Adoption of continuous FAIR (Findable, Accessible, Interoperable, Reusable) practices embedded from project inception—rather than as an afterthought—has been advocated as both feasible and impactful, with tools such as Minids (lightweight identifiers), BDBags/RO-Crates (packaged data/metadata with checksums), and schema evolution toolkits supporting continuous provenance and integrity checks (Dempsey et al., 2022). This approach is complementary to but not yet common in IIR, which remains largely reliant on post hoc documentation and contextualization.
Community-building efforts (e.g., BIIRRR workshops) and emerging policies mandating data deposition, transparent metadata, and ethical clarity are recognized as essential to shifting norms toward a culture where high-quality data curation receives professional recognition (Jiang et al., 20 Dec 2025).
6. Practical Recommendations and Future Directions
Institutional and lab-level actions are oriented around the following practices (Jiang et al., 20 Dec 2025, Jiang et al., 23 Nov 2024, Rousi, 2021, Dempsey et al., 2022):
- Develop IIR-specific minimal metadata standards: Explicit context, consent, sampling frames, and versioning fields.
- Extend repositories to incorporate provenance and citation metrics: Integration of code, data, and documentation, with visible acknowledgment of dataset reuses.
- Mandate and incentivize data sharing: Conference and funder policies that require or reward open, well-documented data publication.
- Mentor and train researchers in data management and reuse evaluation: Embedding these skills in graduate education.
- Implement “buddy systems” and contact points: Ensuring data reusers have access to creators for context clarification.

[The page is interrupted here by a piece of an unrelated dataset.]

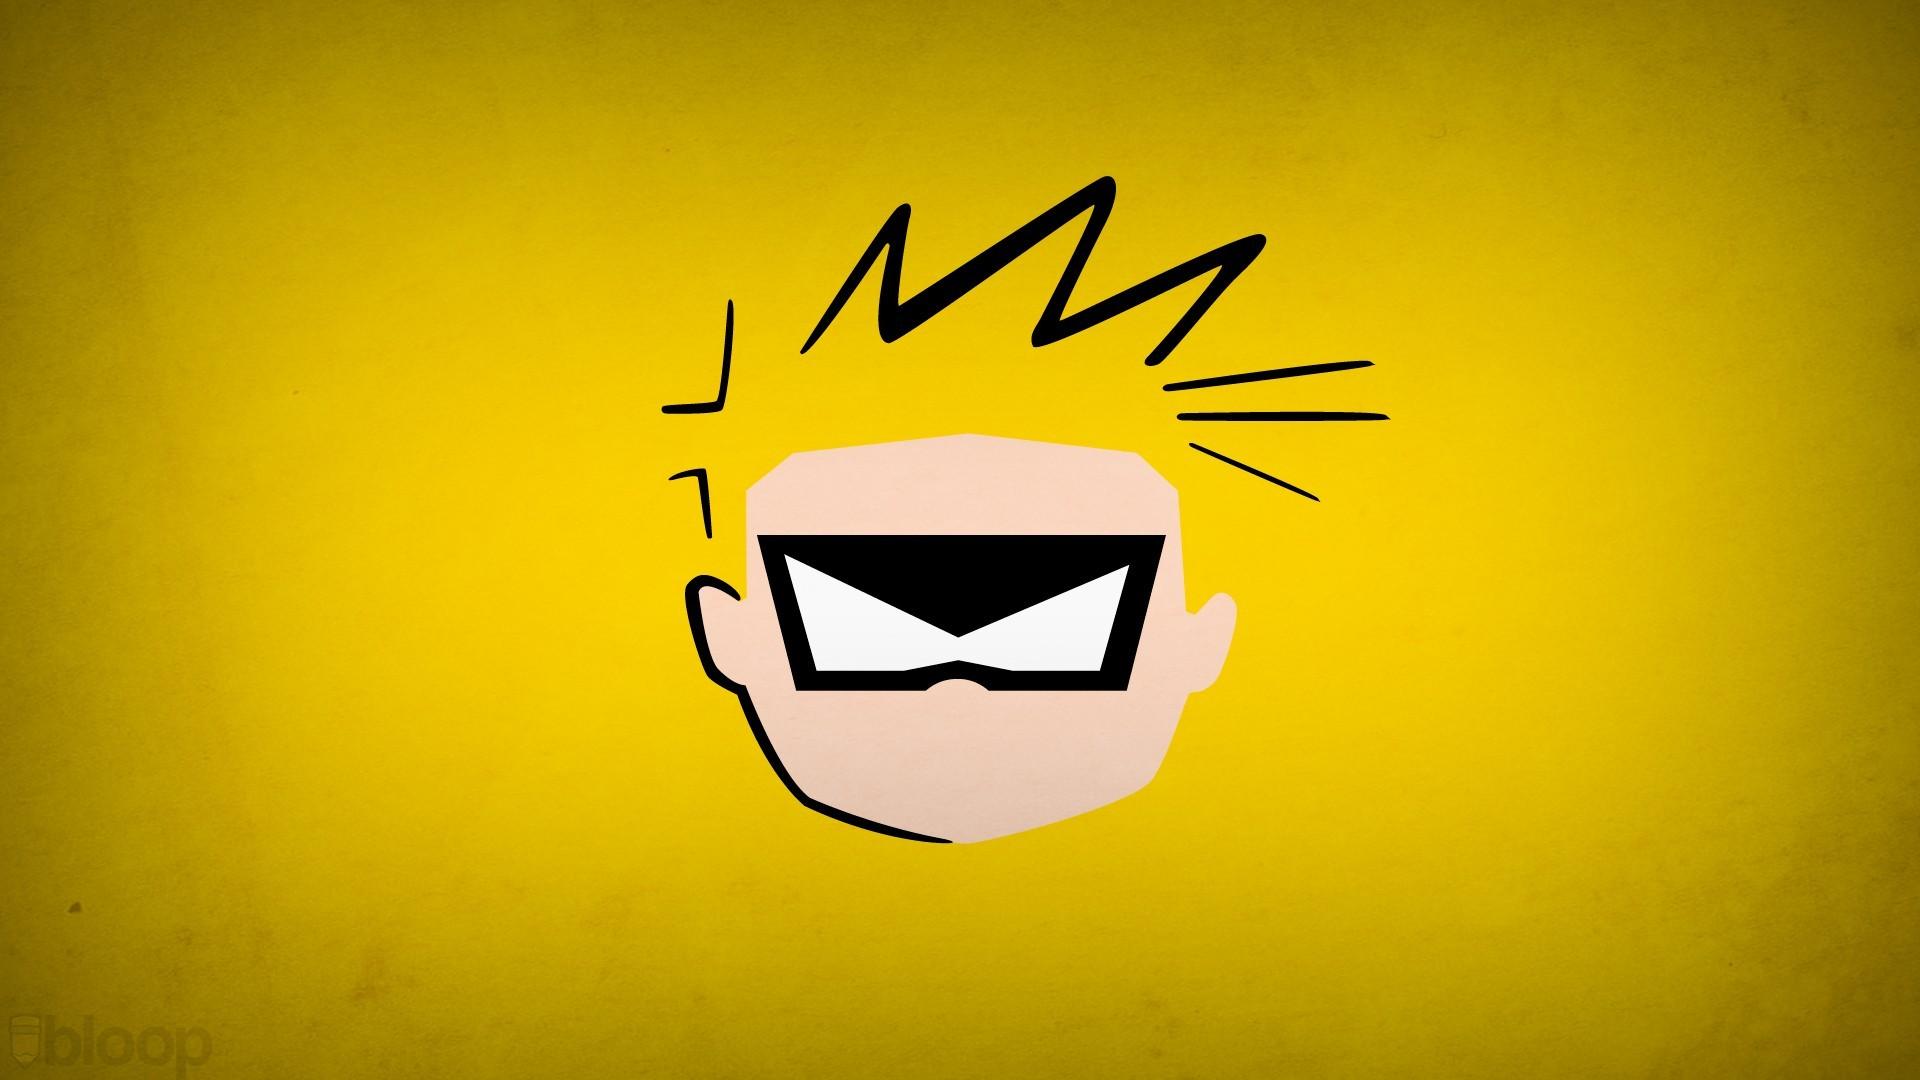 Calvin and hobbes comics superhero g wallpaper | | 162462 |  WallpaperUP

- Automate tracking and notification for data and code dependencies: Reduce risk of context loss and assure up-to-date reusability (e.g., via RDM tools with dependency graphs and notification systems) (Feger, 2020).
A plausible implication is that sustained cultural change in IIR hinges on coordination among standards development, tool deployment, policy evolution, and everyday practices of professional recognition.
7. Conceptual and Analytical Models in Data Reuse
The sensemaking process for evaluating data reusability in IIR is best characterized as a multi-stage, interpretive workflow. Three functional clusters organize this activity (Koesten et al., 2019):
- Inspecting data: Assess basic structure, variable types, missingness, and scope.
- Engaging with content: Investigate encodings, perform initial analyses, flag data “strangeness.”
- Placing data in broader context: Connect dataset to experimental design, disciplinary standards, real-world representativeness, and provenance.
High-functioning documentation and data-delivery tools support these stages with layered documentation, provenance tracking, and mechanisms for collaborative sensemaking and annotation.
Formal models for reusability ( above), and frameworks such as the Stage-Based Model of RDM Commitment or URP (Ubiquitous Research Preservation) spectrum, provide analytical touchpoints for tool and workflow design, but, as yet, no standardized quantitative score is used in IIR practice (Jiang et al., 20 Dec 2025, Feger, 2020).
In summary, IIR researchers’ data reuse practices are complex, driven by epistemic, practical, and ethical considerations. The field is advancing toward more standardized, transparent, and sustainable data sharing and reuse, but faces persistent barriers in documentation quality, infrastructural fragmentation, and the nuanced demands of human-centric data. Emerging conceptual models and best-practice frameworks indicate a path forward toward a robust, FAIR-aligned data sharing culture in interactive information retrieval.